A businessman in his 50s who had normal hearing began experiencing dizzy spells and tinnitus with episodes of severe imbalance. He came to the House Clinic for answers. Was it a tumor? A mystery infection? Too much loud music? “No,” Dr. M. Jennifer Derebery, told him. He was suffering from a rare disorder called autoimmune inner ear disease (AIED).

AIED is a complex of symptoms that can cause rapidly progressing sensorineural hearing loss as well as tinnitus, vertigo and dizziness. It ultimately affects both ears, although it can start on one side. Problems tend to worsen over weeks or months as opposed to the sudden hearing loss associated with a virus or the years of progressive loss that come with aging. “The key thing to watch for is the hearing level rapidly changing,” says Dr. Derebery, an associate of the House Ear Clinic and Institute and a clinical professor of otolaryngology at USC’s Keck School of Medicine.

While all House doctors treat AIED, Dr. Derebery – who also serves as director of the clinic’s allergy department – sees the largest number of cases. Diagnosis can be tricky. “You first have to rule out other causes,” she says. This requires obtaining or reviewing a patient’s history (generally, the only things that produce similar symptoms are ototoxic drugs). Doctors also order tests such as an MRI or blood work looking for evidence of markers of other known autoimmune diseases, or a test for a specific protein that is positive in about 60 percent of patients called the Western Blot (heat shock protein 70).

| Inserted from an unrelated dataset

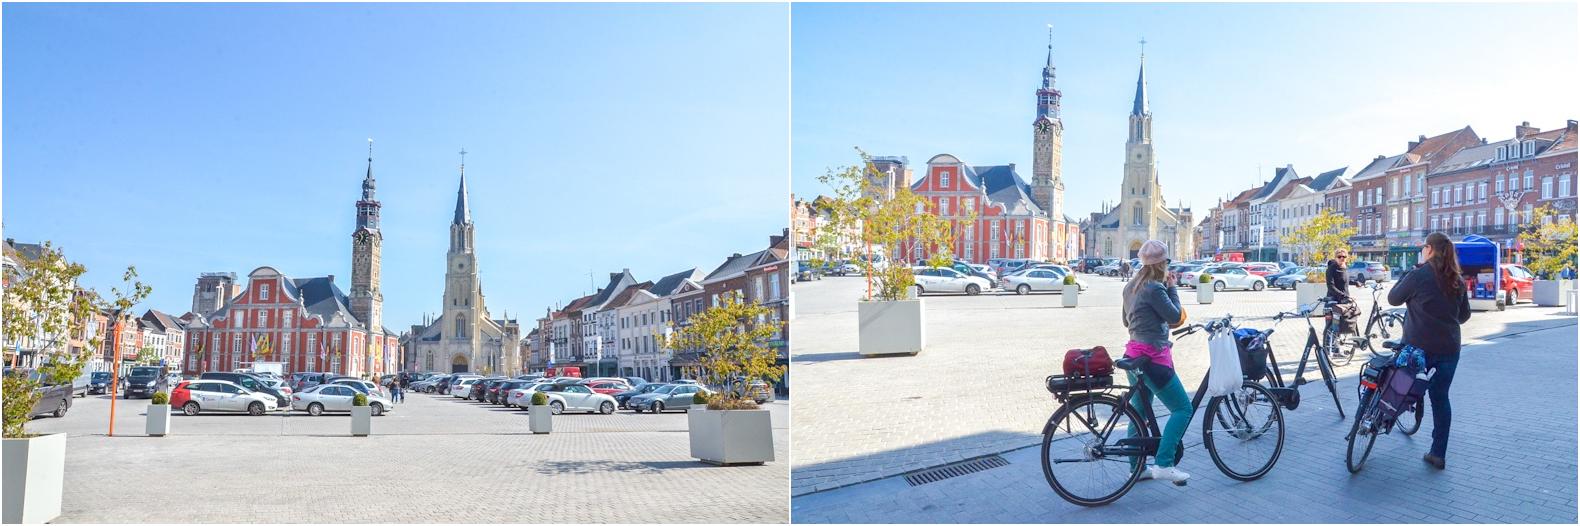 Sint-Truidencollage6.jpg

In the past five years, House, which probably sees a disproportionate number of cases, has made a primary diagnosis of AIED 117 times. There is no known cure. The standard treatment involves prescribing the steroid prednisone, which can stabilize or improve symptoms. “The initial thought was that if you didn’t treat aggressively, patients would go deaf,” says Dr. Derebery. “However, the thinking has changed.

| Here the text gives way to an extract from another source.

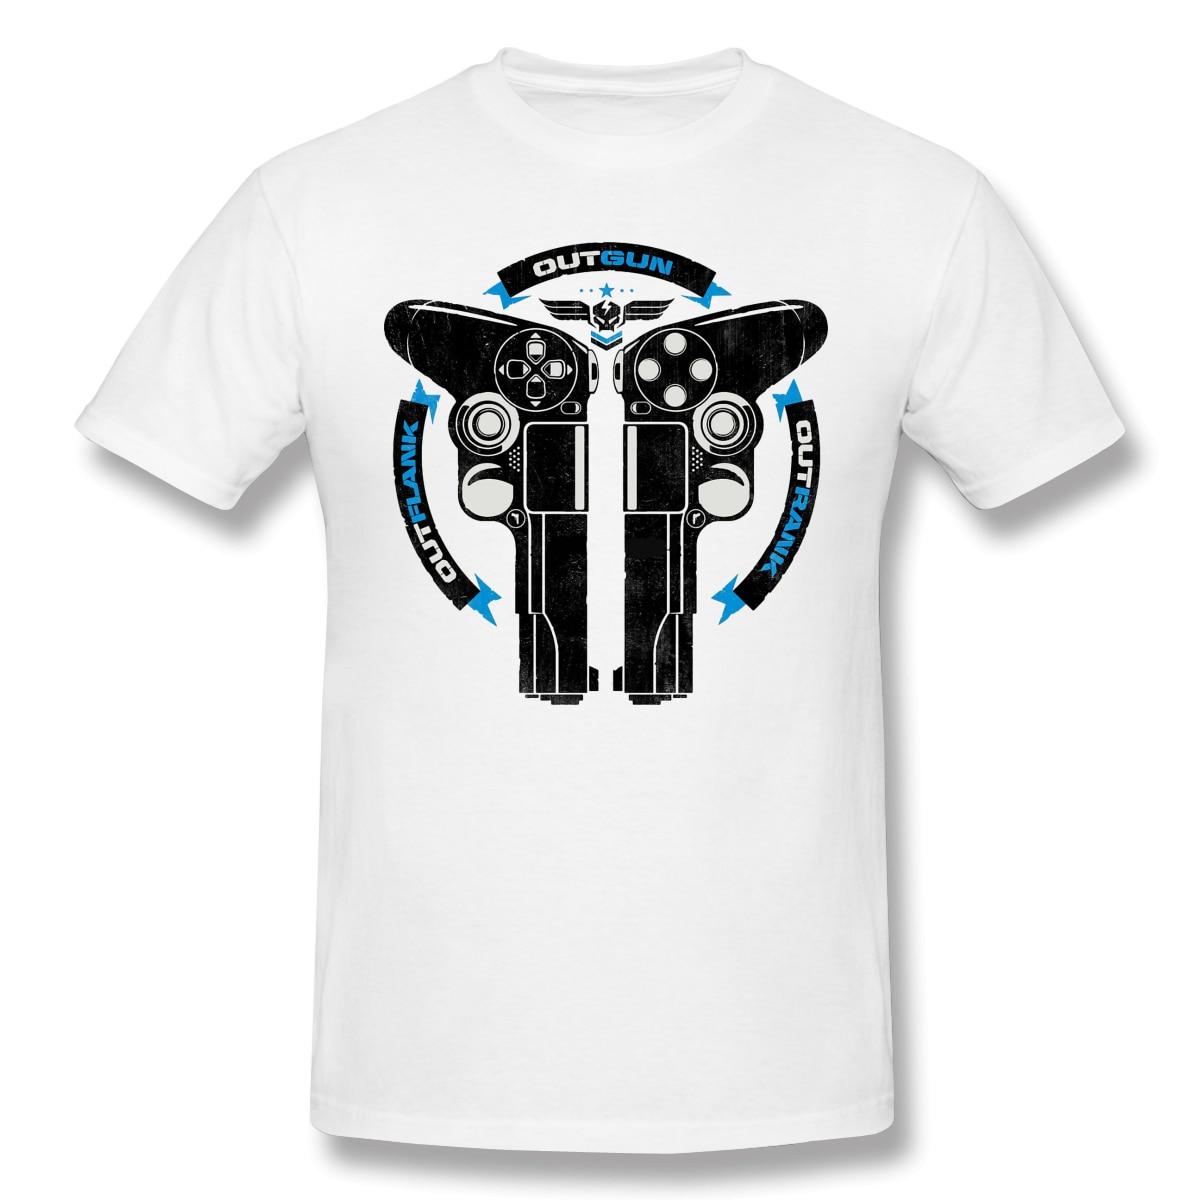 FPS Life PS editiont-shirt hombres de alta calidad 100% de algodón de manga corta de verano de llamada de servicio Casual camiseta suelta

Prednisone has serious side effects so, says Dr. Derebery, “the goal of therapy is to use just enough to induce serviceable hearing and long periods of remission.” Steroids are taken orally or can be injected through the eardrum, which reduces systemic impact and places a higher concentration of the drug in the inner ear. House is working with rheumatologists to find alternatives to steroids. So far, no clear winner has emerged.

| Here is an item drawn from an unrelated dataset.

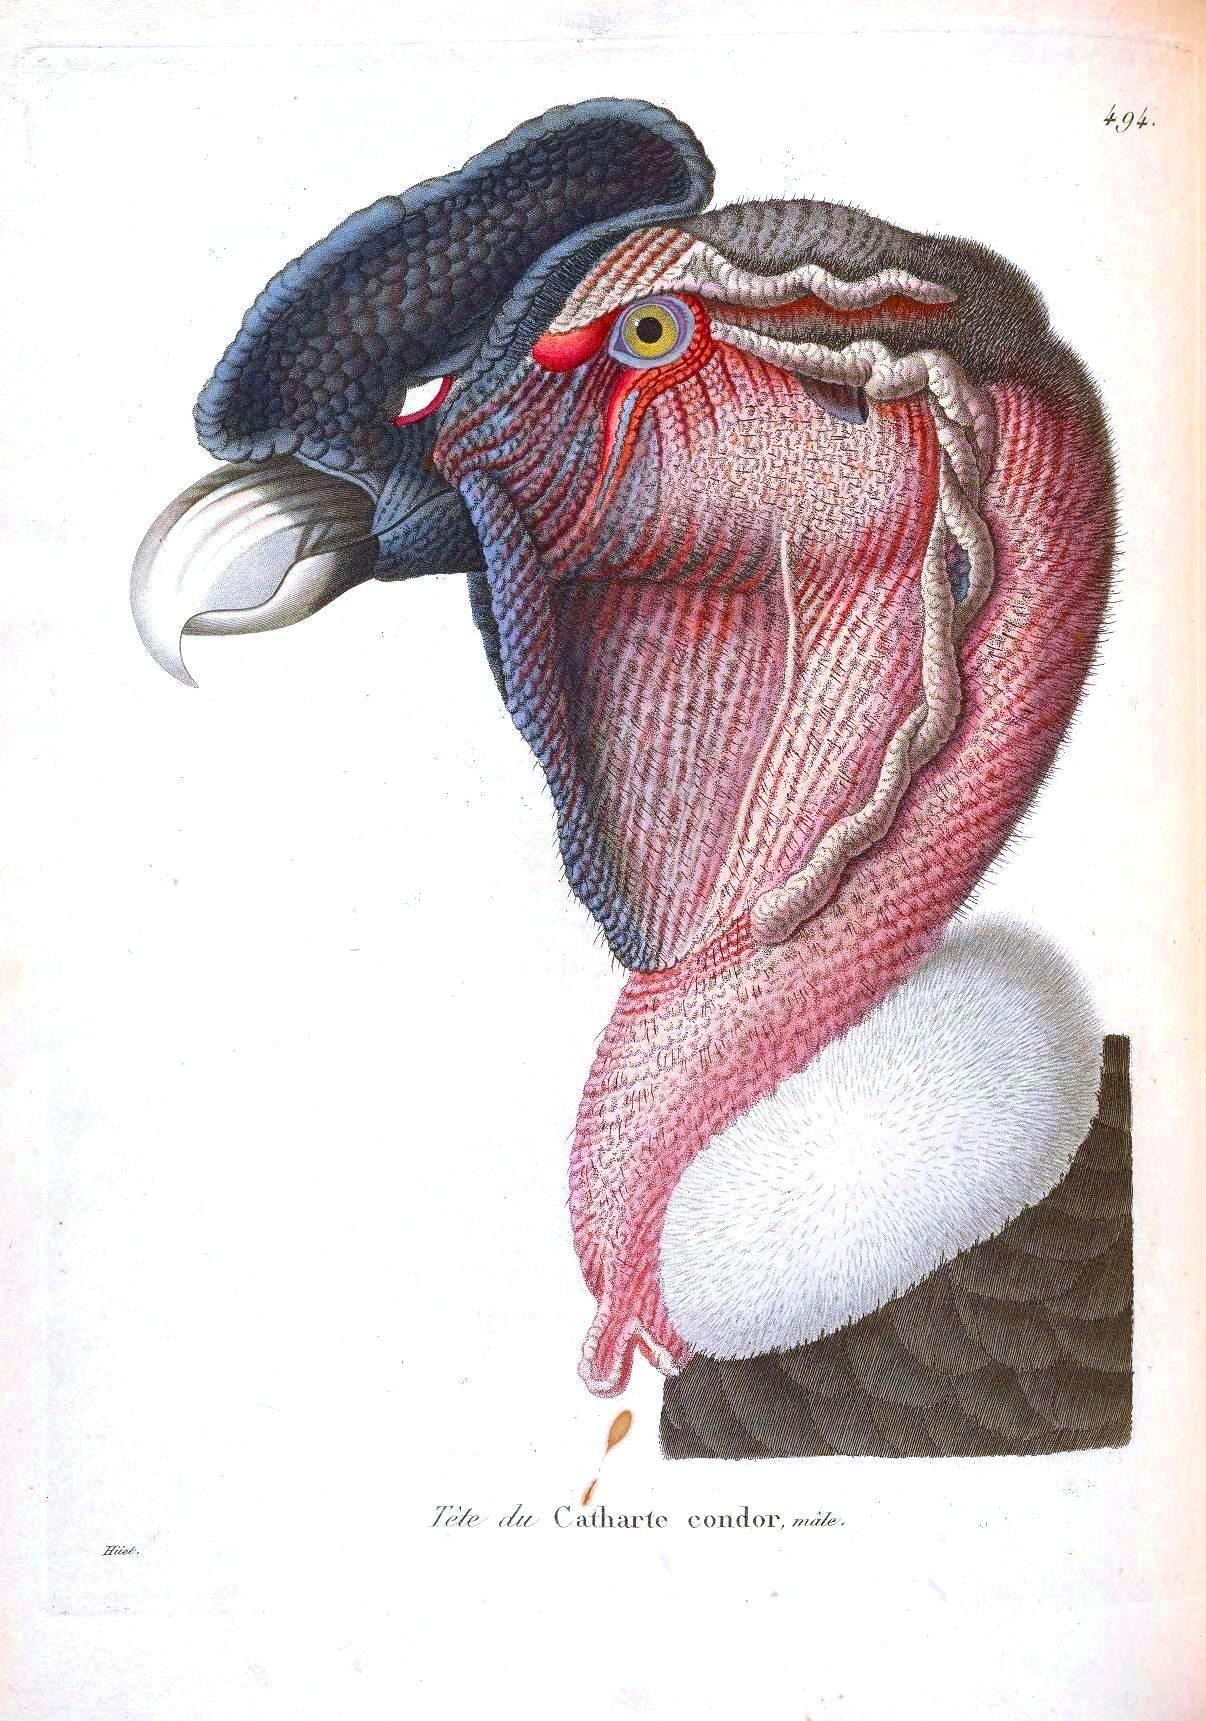 Animal Animal Head Bird Tete De Condor Looks Sort Of Like A

The businessman in his 50s responded well to four weeks of a highdose (60 milligrams-a-day) prednisone regimen. As soon as it ended, however, his hearing worsened. The high-dose regimen was resumed and, after five months of tapering, he was able to go steroid-free. “He’s been stable for the past eight years and does well with hearing aids,” says Dr. Derebery.

The search for better ways to treat AIED continues. House recently hosted a small conference of experts in hopes of designing a clinical trial to look for alternatives to steroid therapy. “I tell patients that contrary to what they see on the Internet and in older ENT literature only a small percentage will lose their hearing,” says Dr. Derebery. “There are things that we can do.”